To recreate this design, run the source
command from the main Vivado 2021.2 window. Only some versions of Vivado successfully implement this block design.
cd innova2_xcku15p_ddr4_bram_gpio
dir
source innova2_xcku15p_ddr4_bram_gpio.tcl
Click on Generate Bitstream.
Synthesis and implementation should complete within an hour.
Once the Bitstream is generated, run Write Memory Configuration File, select bin, mt25qu512_x1_x2_x4_x8, SPIx8, Load bitstream files, and a location and name for the output binary files. The bitstream will end up in the innova2_xcku15p_ddr4_bram_gpio/innova2_xcku15p_ddr4_bram_gpio.runs/impl_1
directory as design_1_wrapper.bit
. Vivado will add the _primary.bin
and _secondary.bin
extensions as the Innova-2 uses dual MT25QU512 FLASH ICs in x8 for high speed programming.
Proceed to Loading a User Image
The Innova-2's XCKU15P is wired for x8 PCIe at PCIe Block Location: X0Y2. It is capable of 8.0 GT/s Link Speed.
For this design I set the PCIe Base Class to Memory Controller and the Sub-Class to RAM.
I disable the Configuration Management Interface.
The DDR4 is configured for a Memory Speed of 833ps = 1200MHz = 2400 MT/s Transfer Rate.
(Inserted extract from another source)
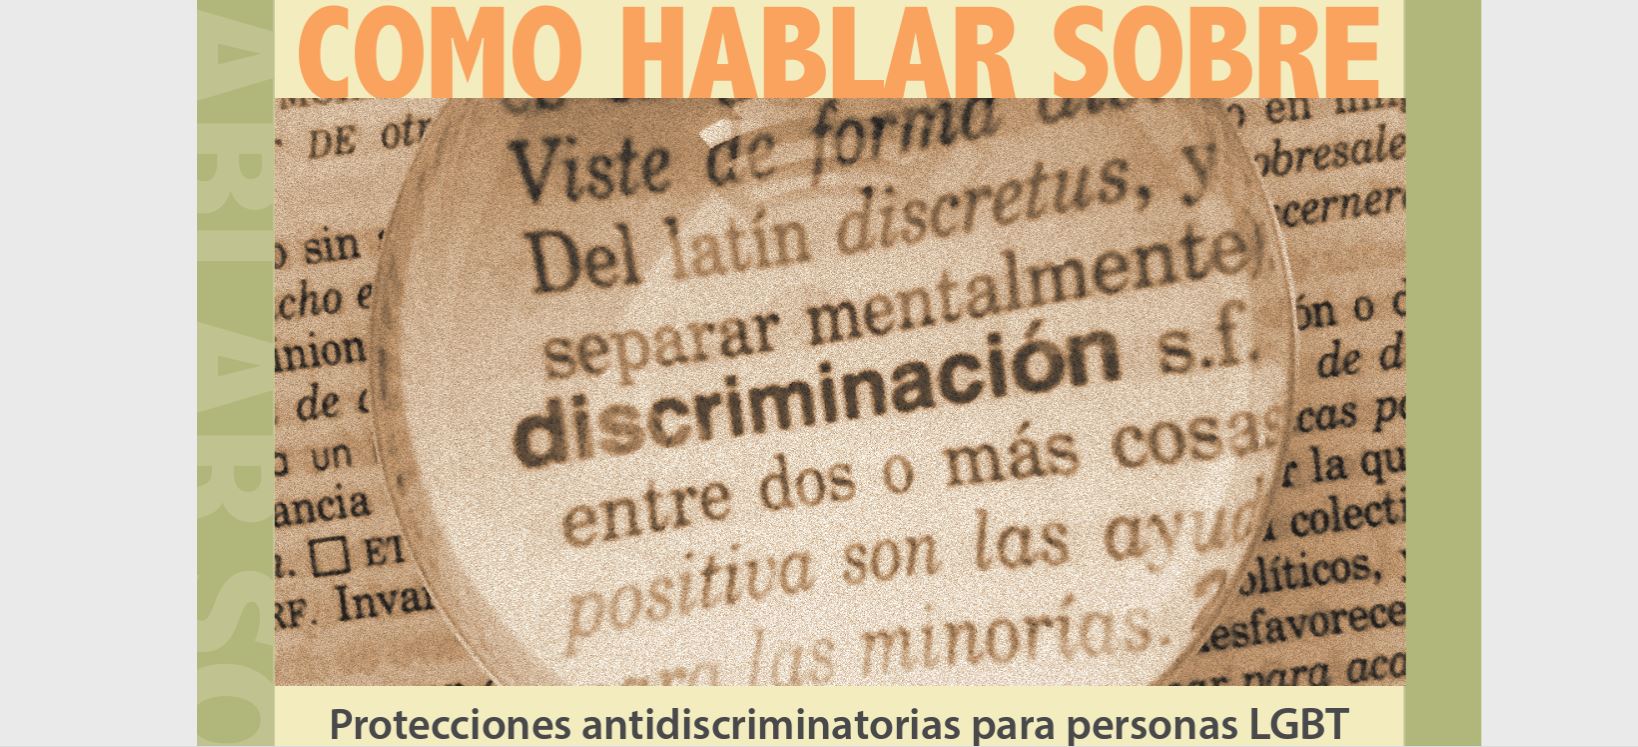 Talking About Nondiscrimination Protections for LGBT People (Spanish)
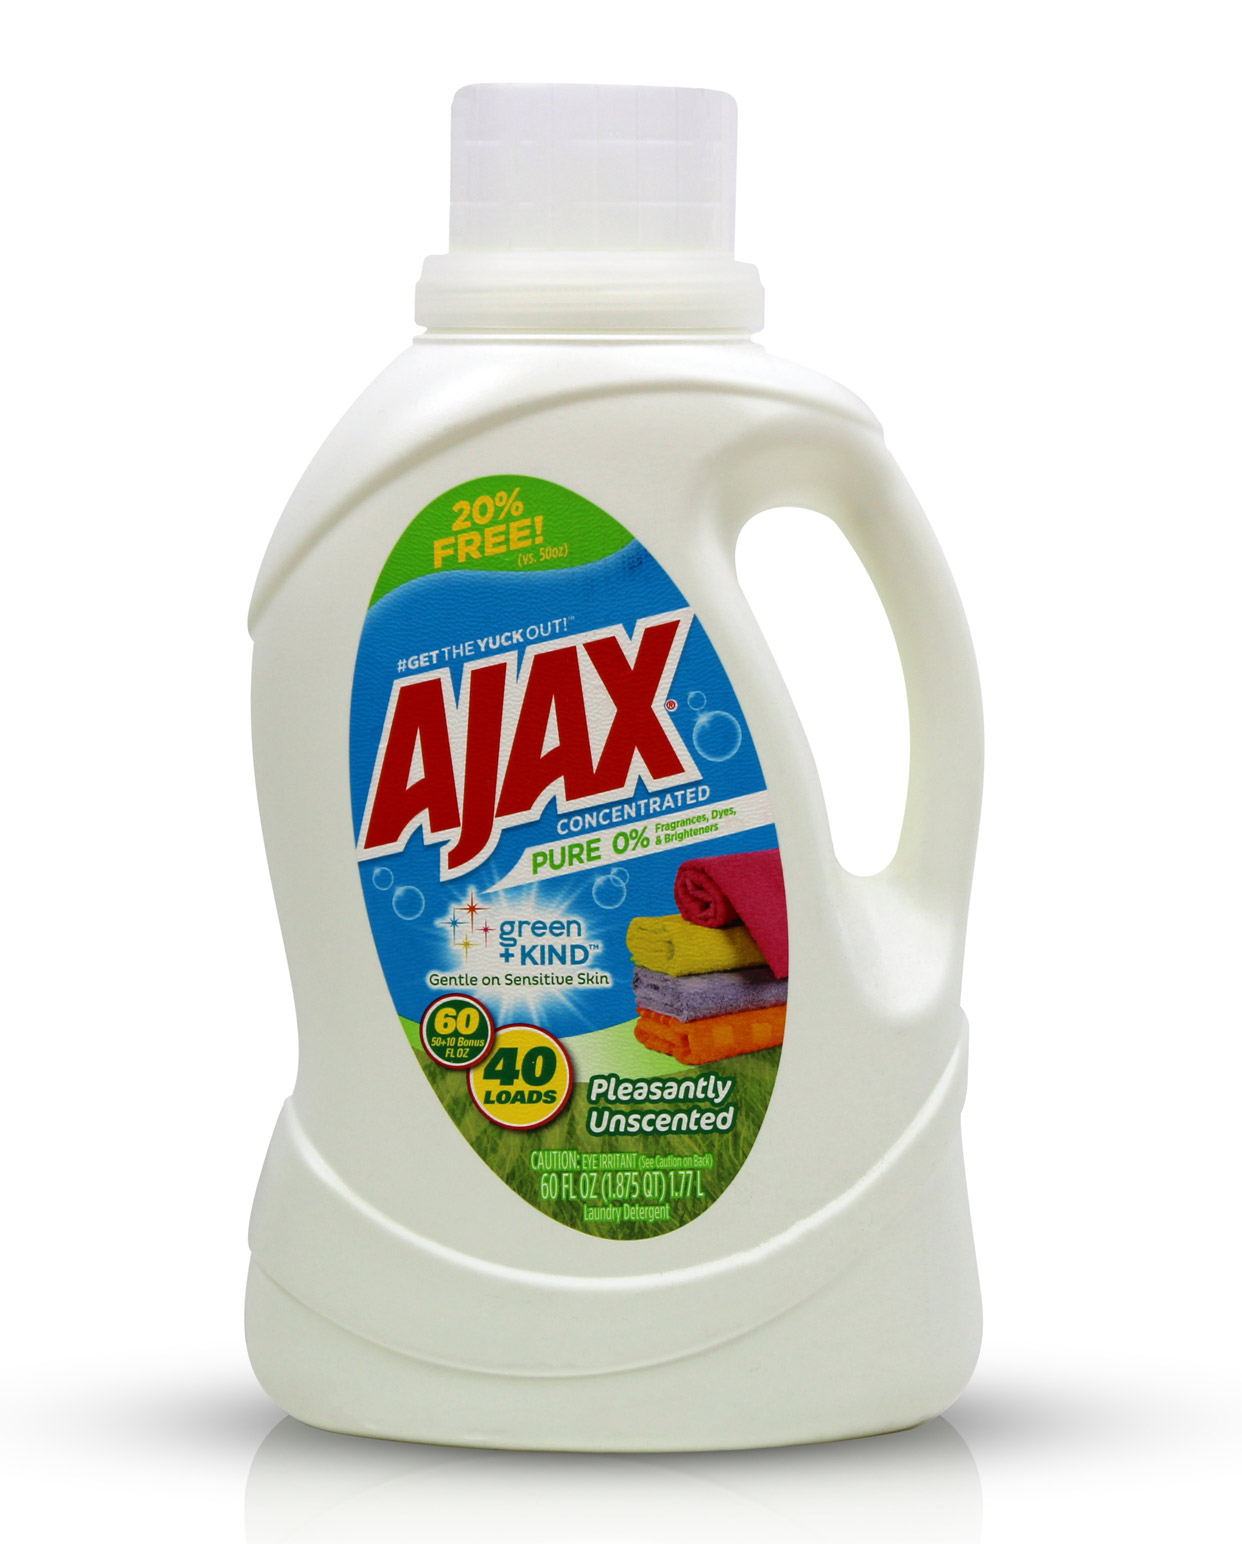 60oz bottle of AJAX Concentrated laundry detergent with a clear label.

The DDR4 reference clock is 9996ps = 100.04MHz. This project includes a custom part definition in innova2_ku15p_MT40A1G16.csv for the MT40A1G16.
Data Mask and DBI is set to NO DM DBI WR RD which automatically enables ECC on a 72-Bit interface.
The Arbitration Scheme is set to Round Robin under AXI Options.